* **PROBLEM STATEMENT**: Reproduce the lines below verbatim. Pictures are to be omitted.

* **DATASET SECTION**:
Start of Block

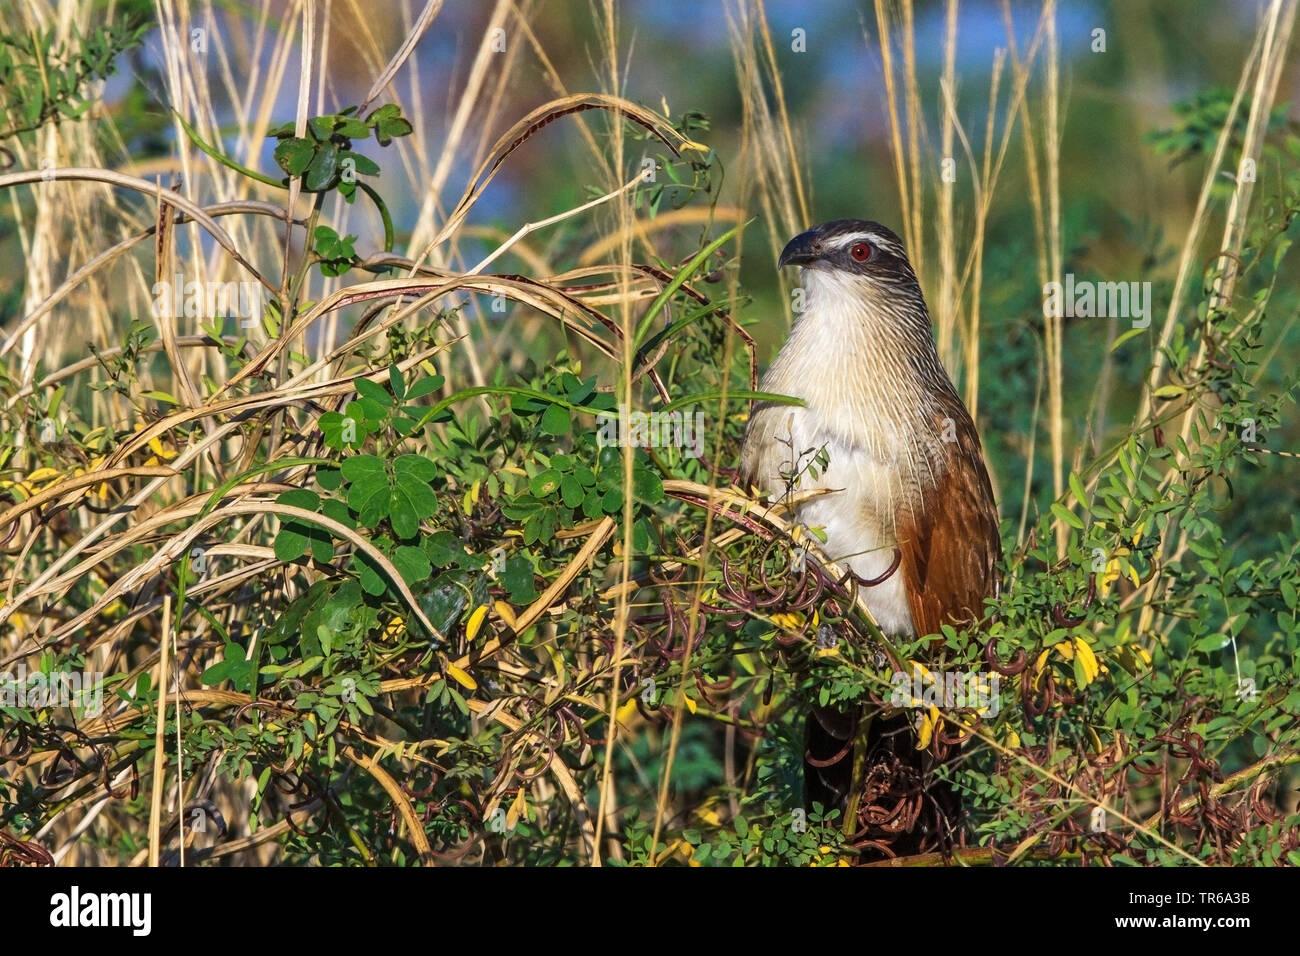 Weissbrauenkuckuck, Weissbrauen-Kuckuck, Weissbrauen-Spornkuckuck, Weissbrauenspornkuckuck (Centropus superciliosus), sitzt auf einem Busch, Sambia | - Stock Image
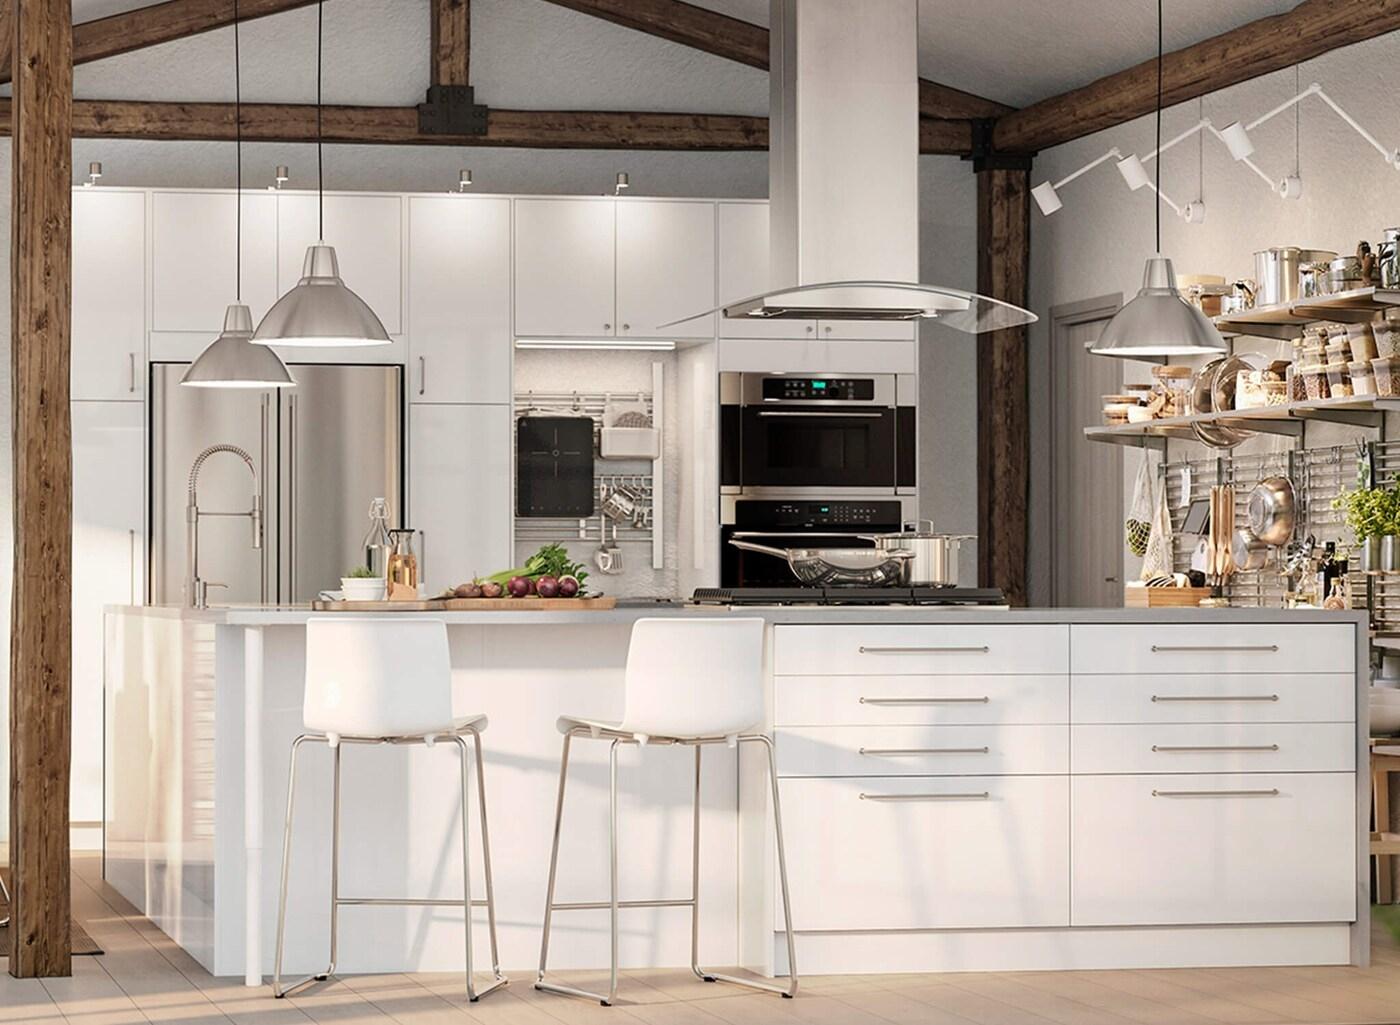 Дизайн кухонь IKEA из Европы на homezone.com.ua
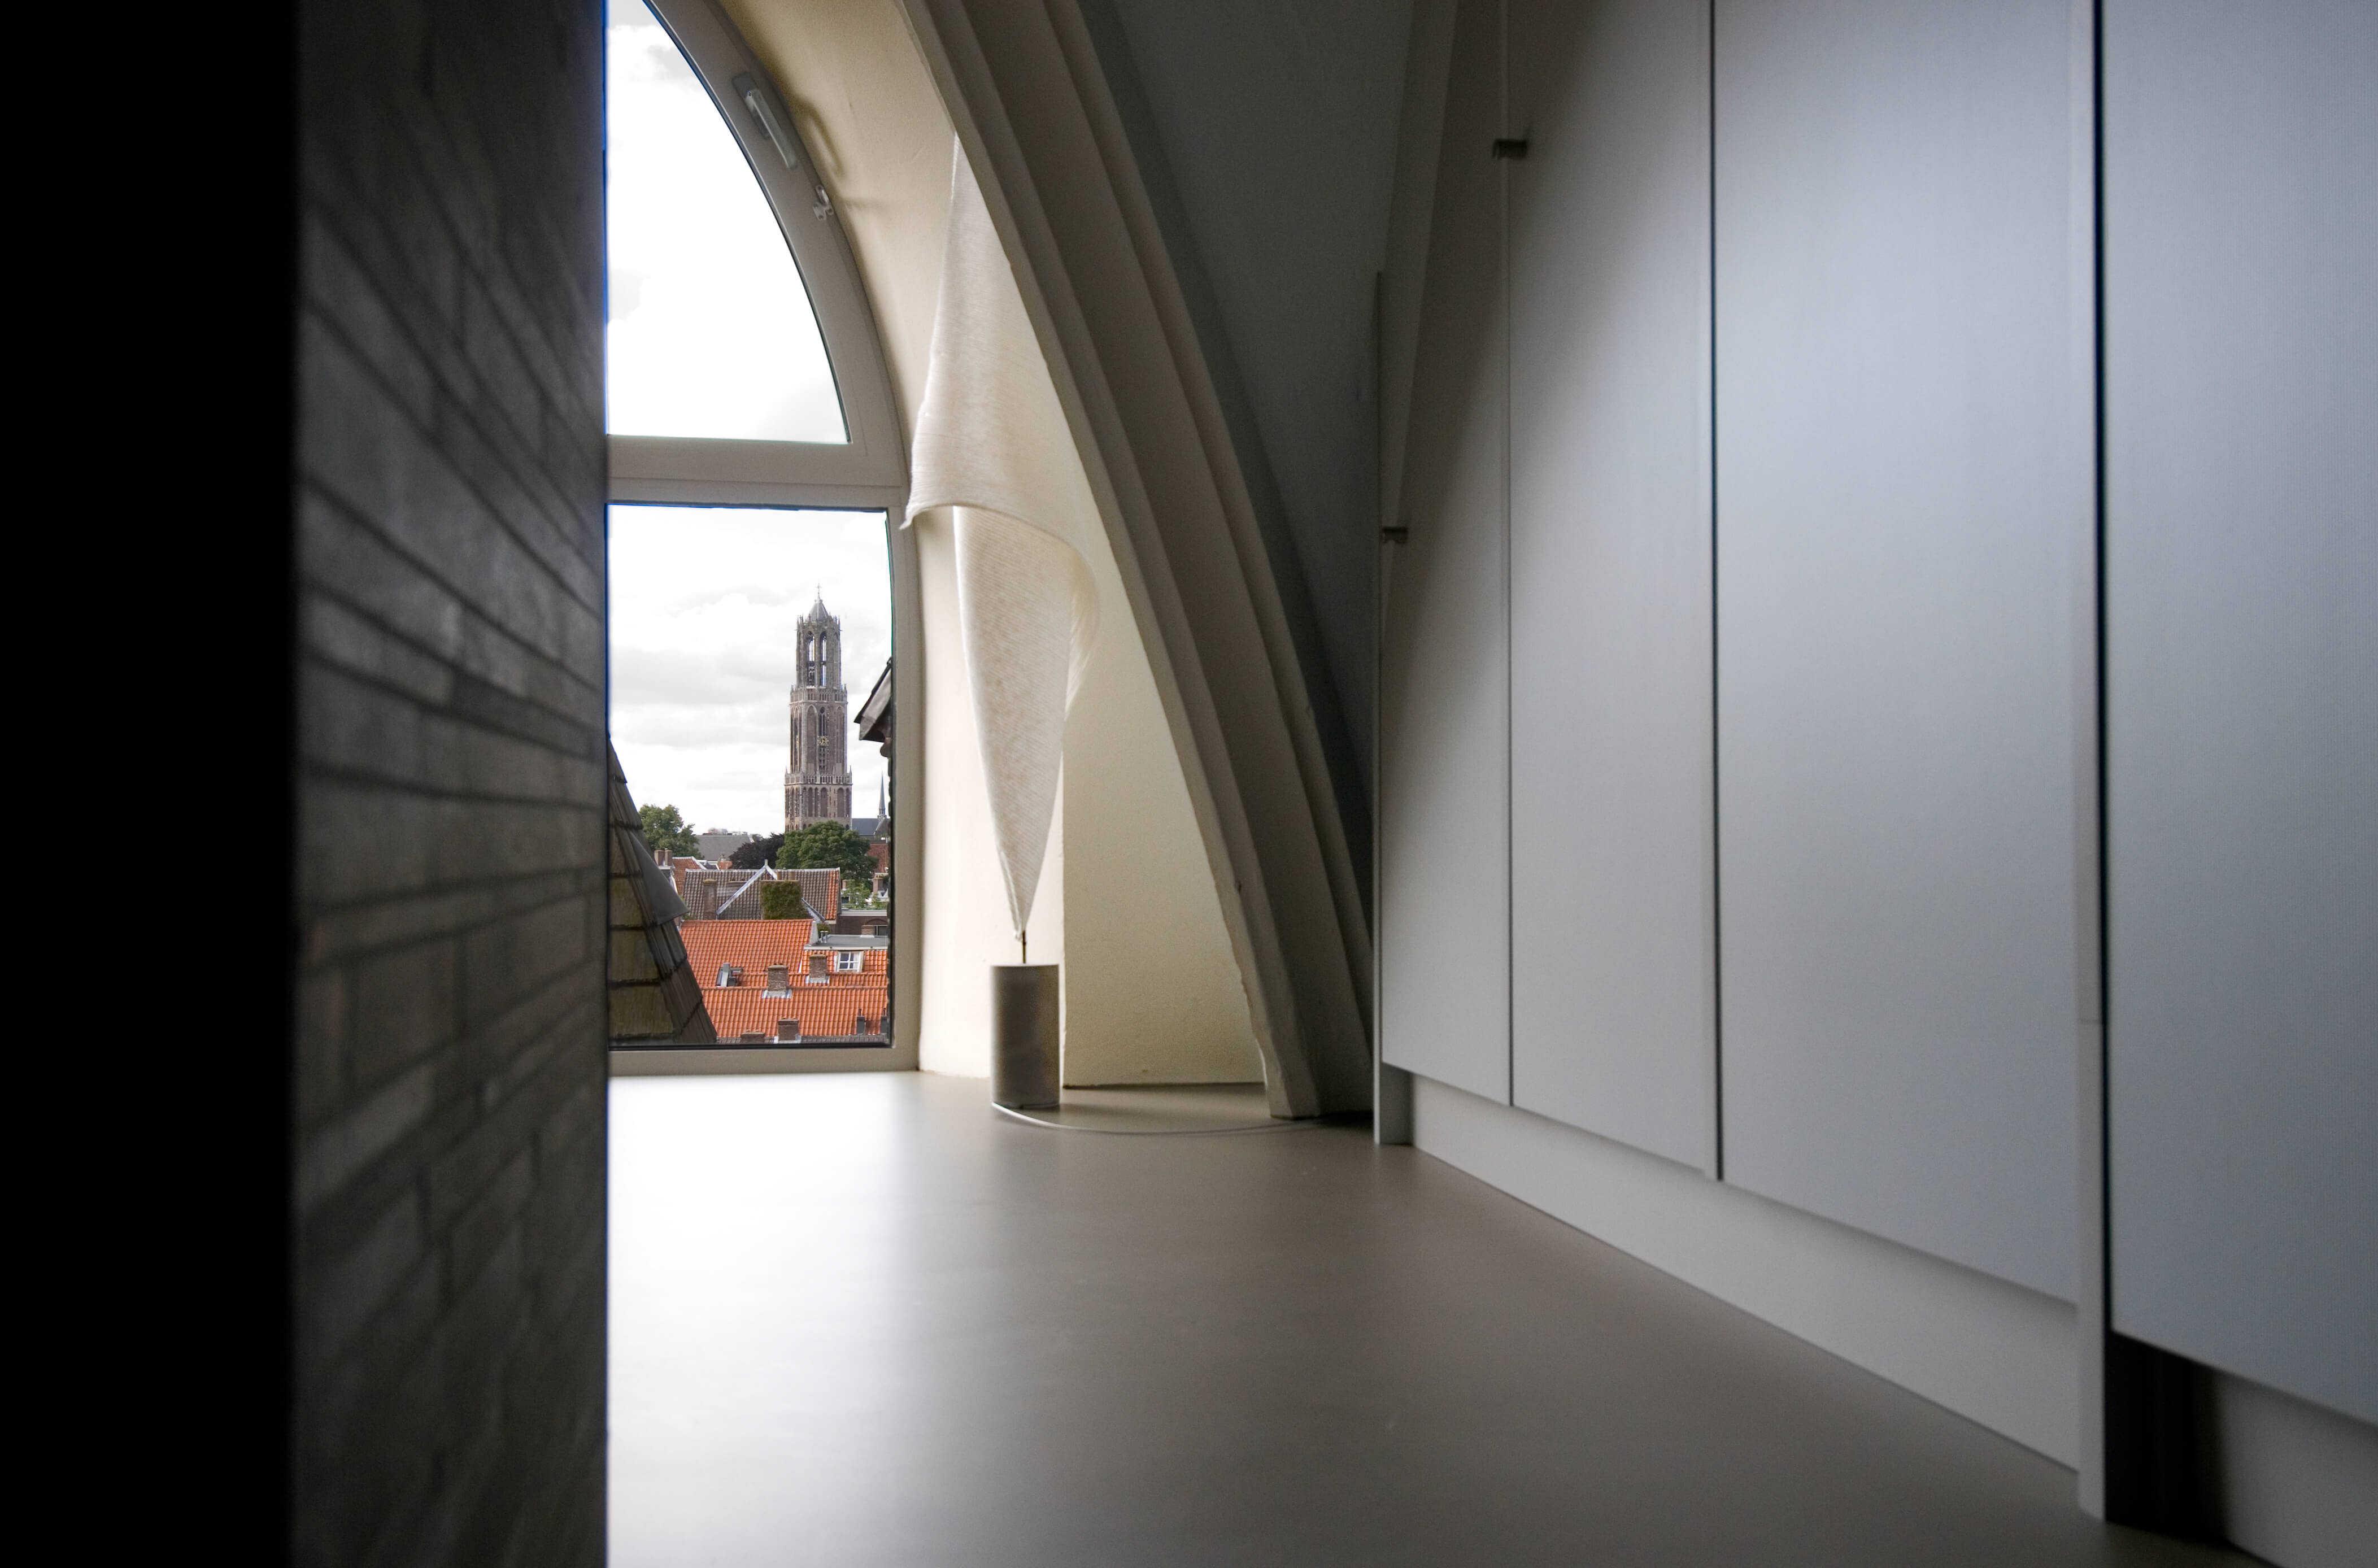 Penthouse in een kerk met uitzicht op de Domtoren in Utrecht gietvloer en kastenwand op maat gemaakt
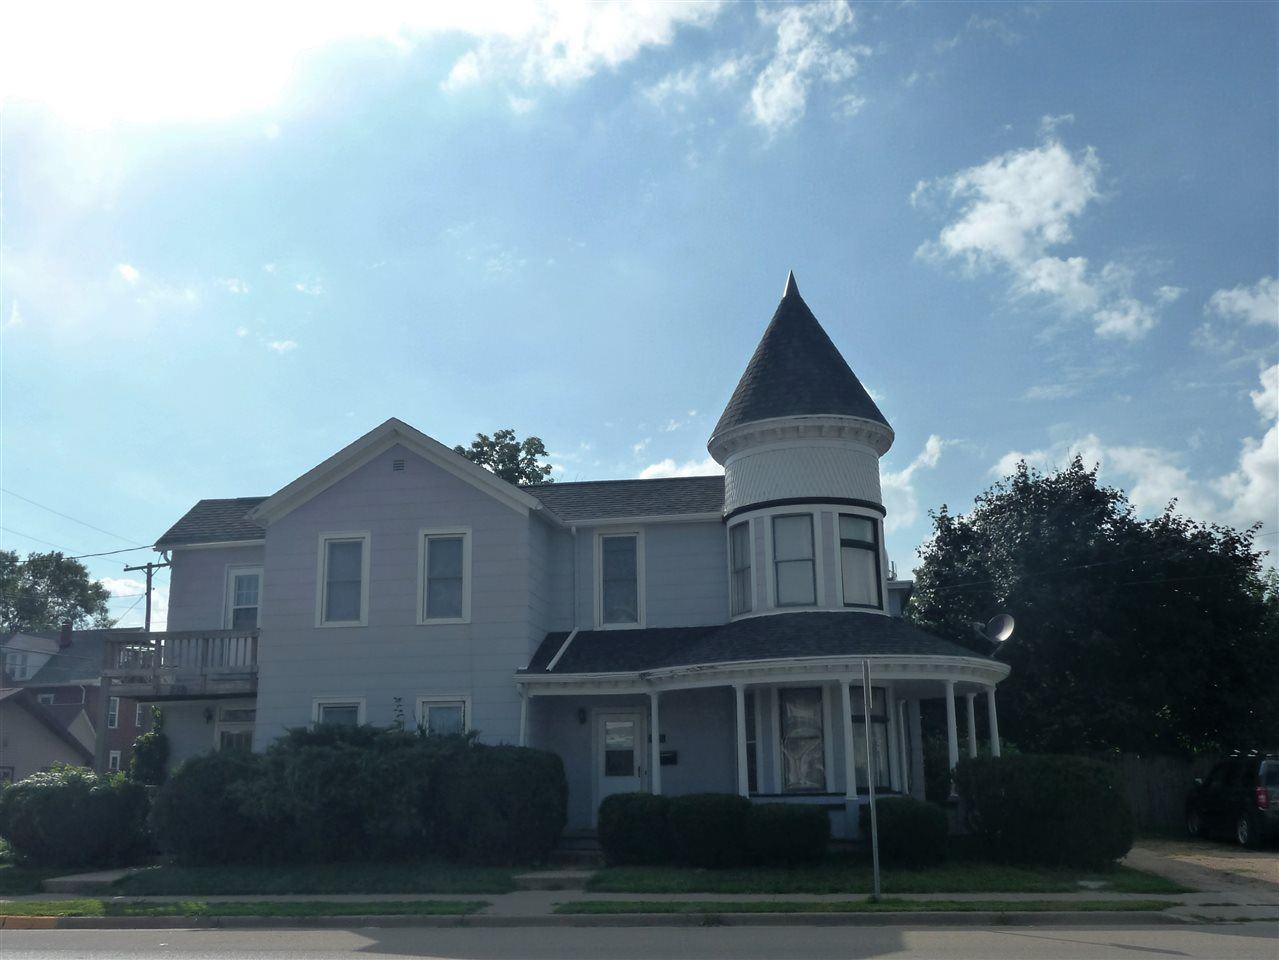 200 N Chestnut St, Platteville, WI 53818 - #: 1922179

End of Block

* **TASK OUTPUT**:
 Weissbrauenkuckuck, Weissbrauen-Kuckuck, Weissbrauen-Spornkuckuck, Weissbrauenspornkuckuck (Centropus superciliosus), sitzt auf einem Busch, Sambia | - Stock Image
 Дизайн кухонь IKEA из Европы на homezone.com.ua
 Penthouse in een kerk met uitzicht op de Domtoren in Utrecht gietvloer en kastenwand op maat gemaakt
 200 N Chestnut St, Platteville, WI 53818 - #: 1922179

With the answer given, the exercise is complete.